Provided data |
________________________________________

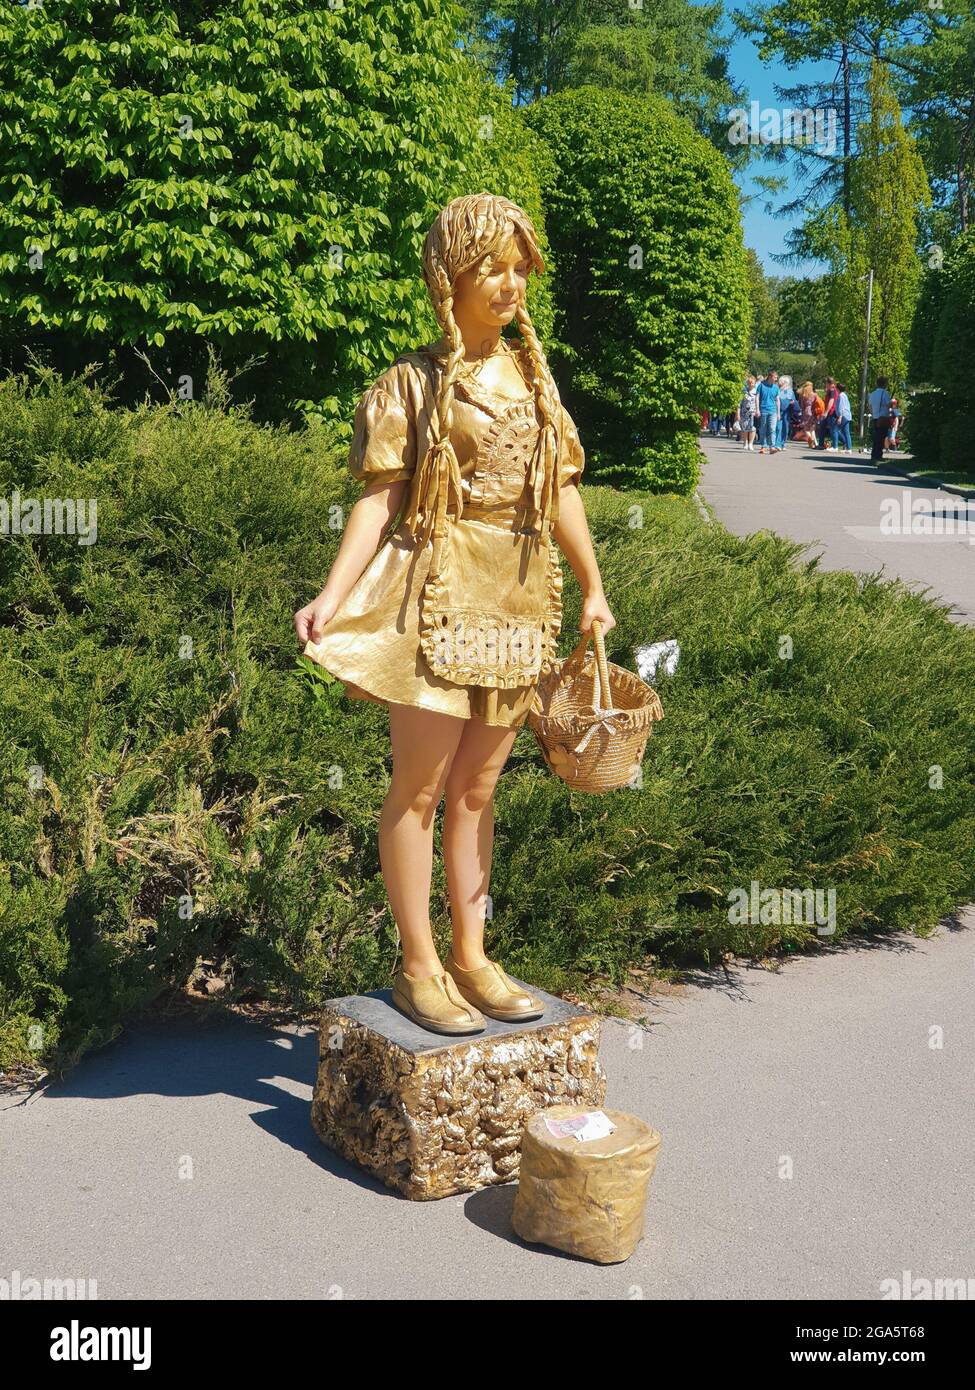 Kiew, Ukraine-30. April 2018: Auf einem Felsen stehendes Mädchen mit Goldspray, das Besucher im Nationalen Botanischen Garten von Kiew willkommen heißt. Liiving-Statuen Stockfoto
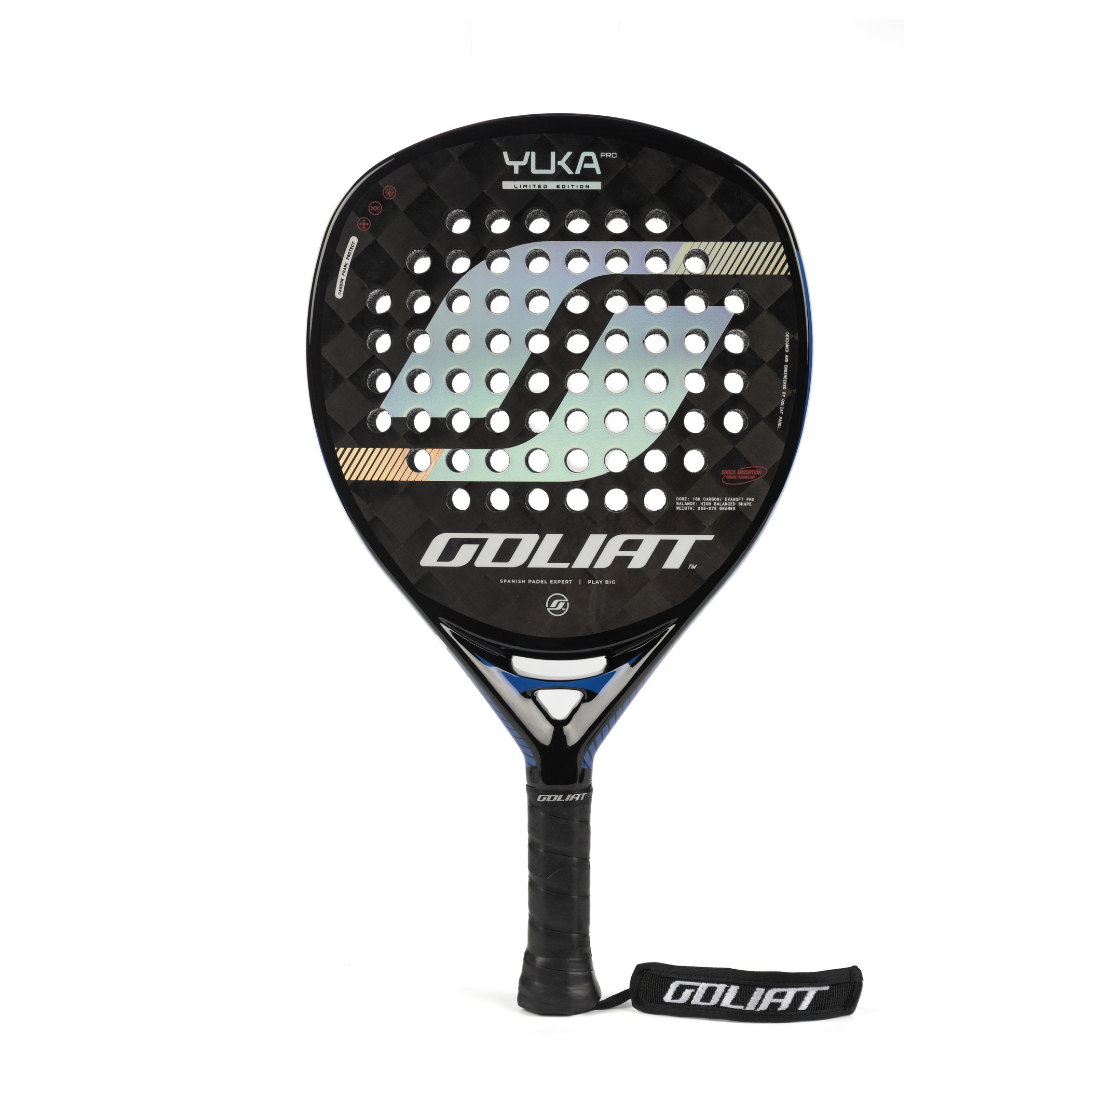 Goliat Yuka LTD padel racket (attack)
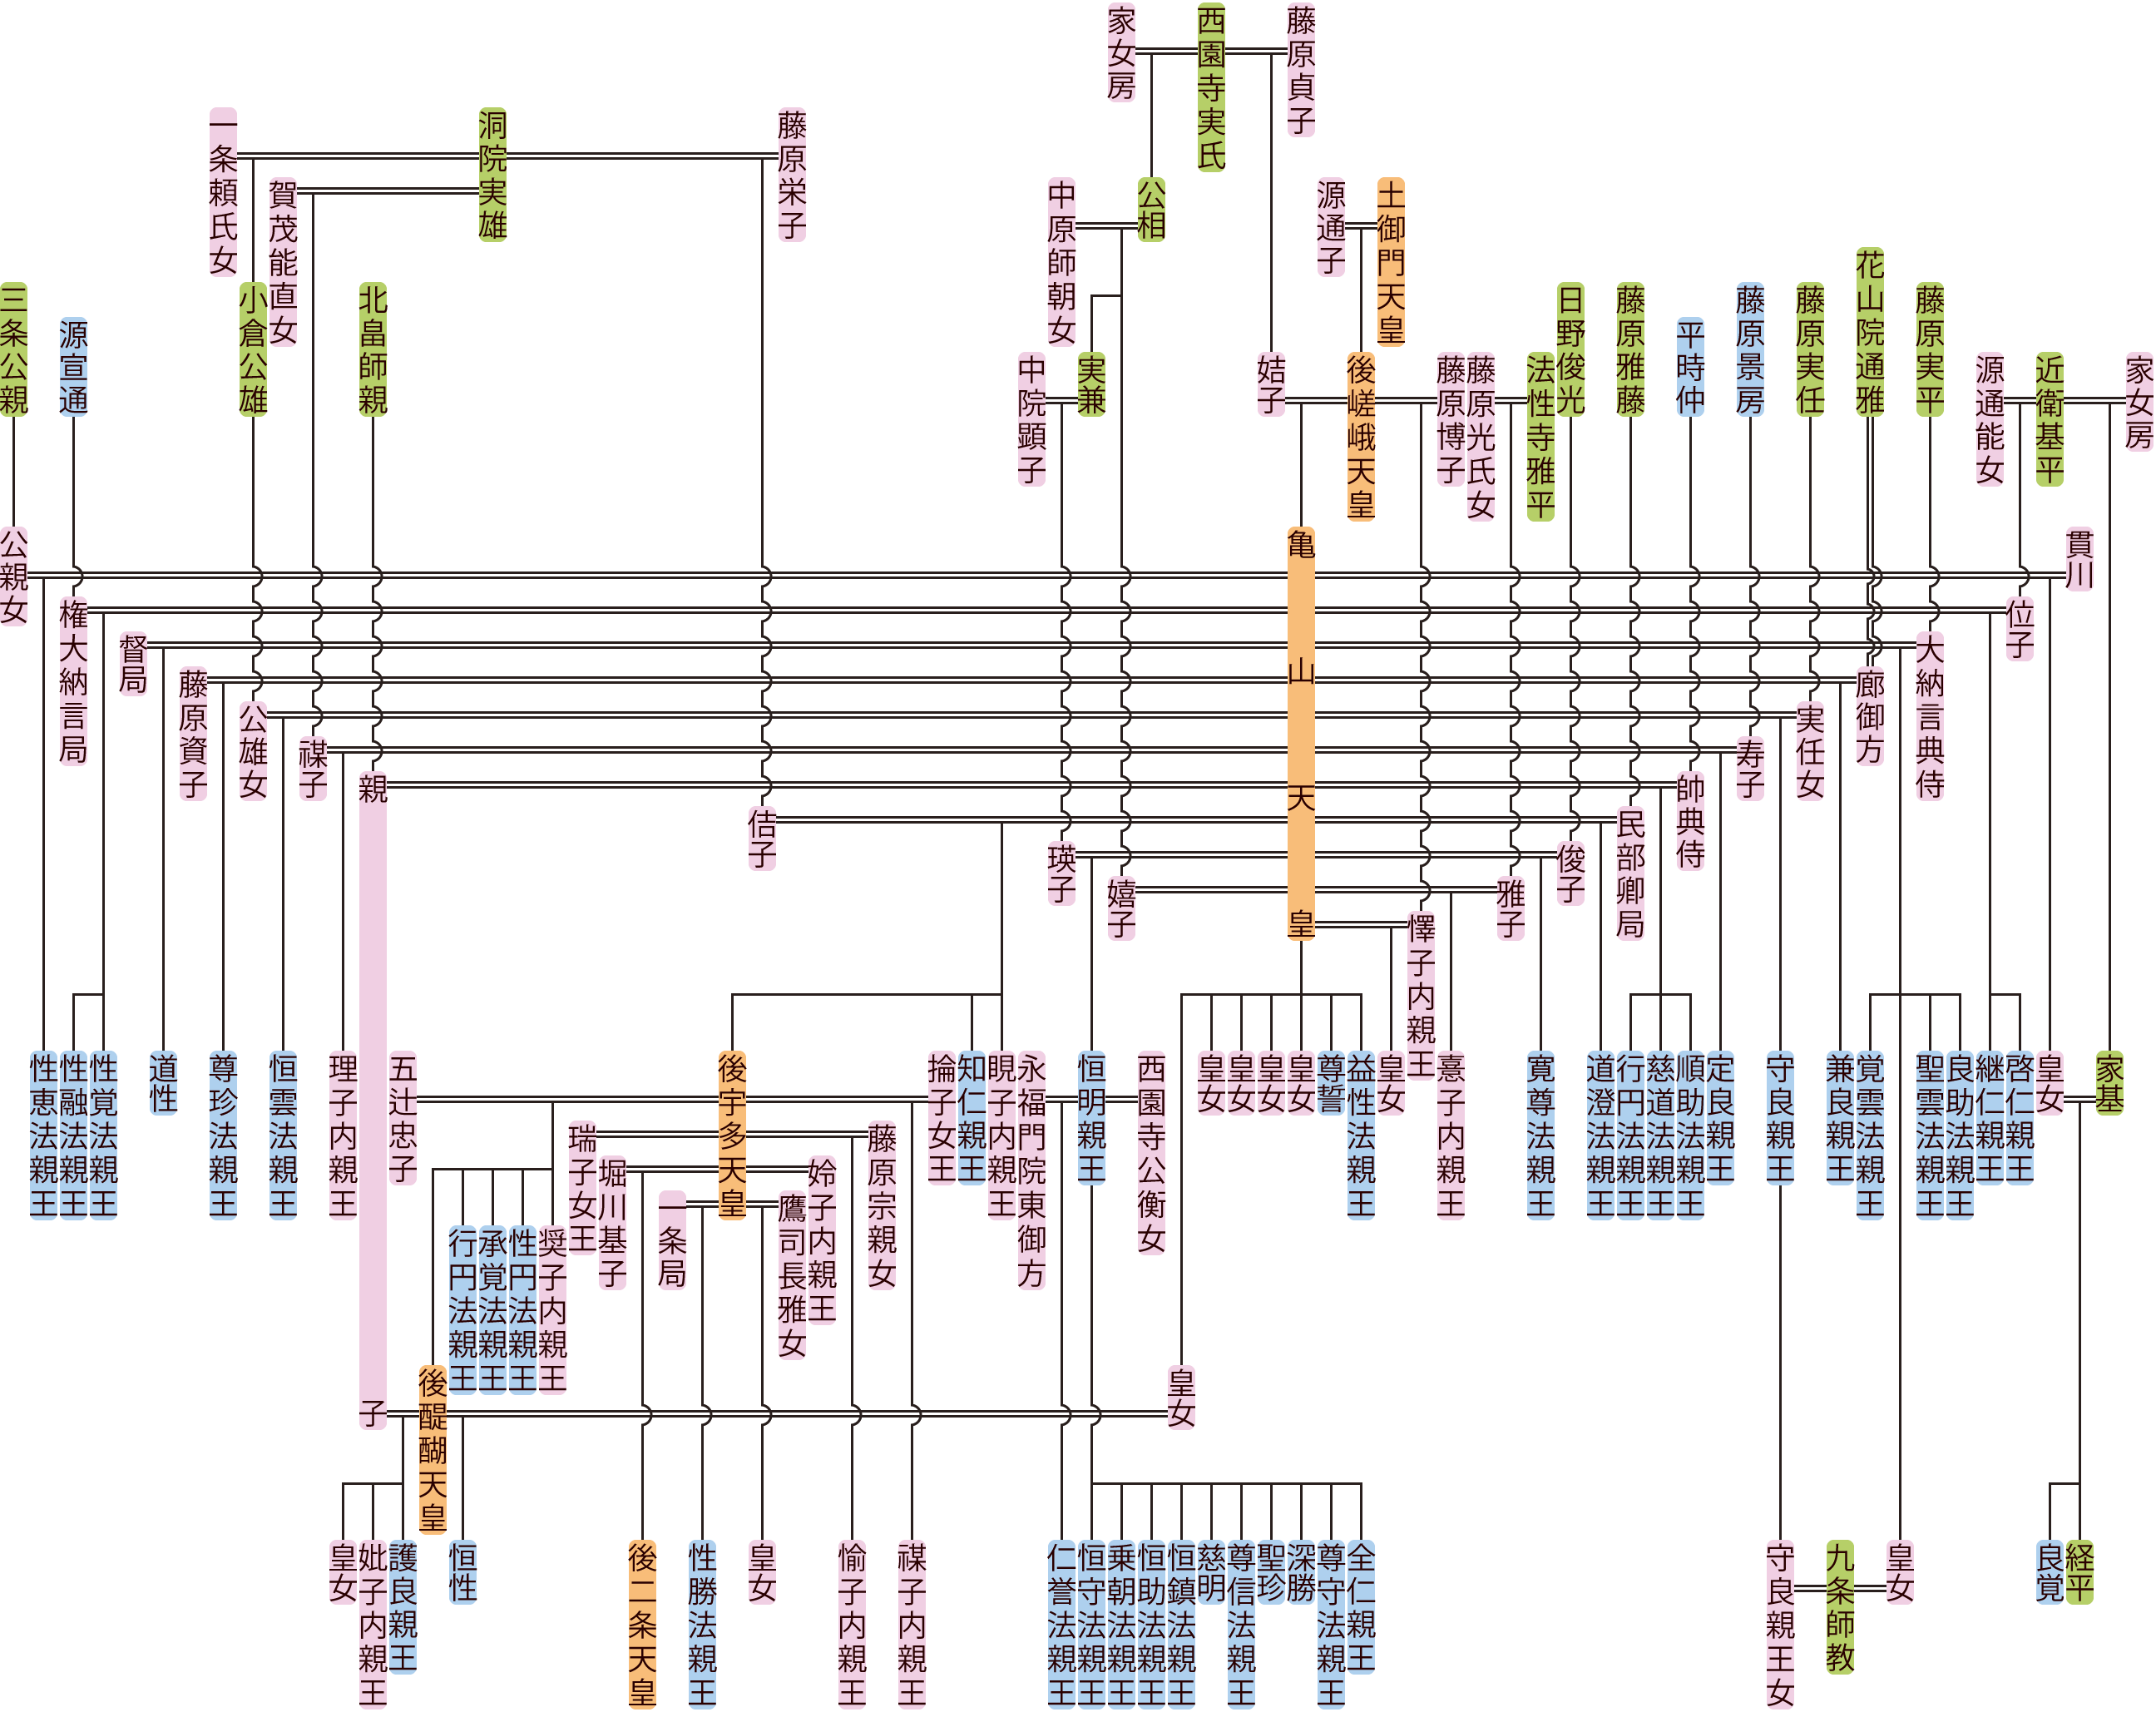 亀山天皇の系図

________________________________________

Work order | Keep the pictures out, and write out the rest of the data above word for word.

Answer to the problem |
 Kiew, Ukraine-30. April 2018: Auf einem Felsen stehendes Mädchen mit Goldspray, das Besucher im Nationalen Botanischen Garten von Kiew willkommen heißt. Liiving-Statuen Stockfoto
 Goliat Yuka LTD padel racket (attack)
 亀山天皇の系図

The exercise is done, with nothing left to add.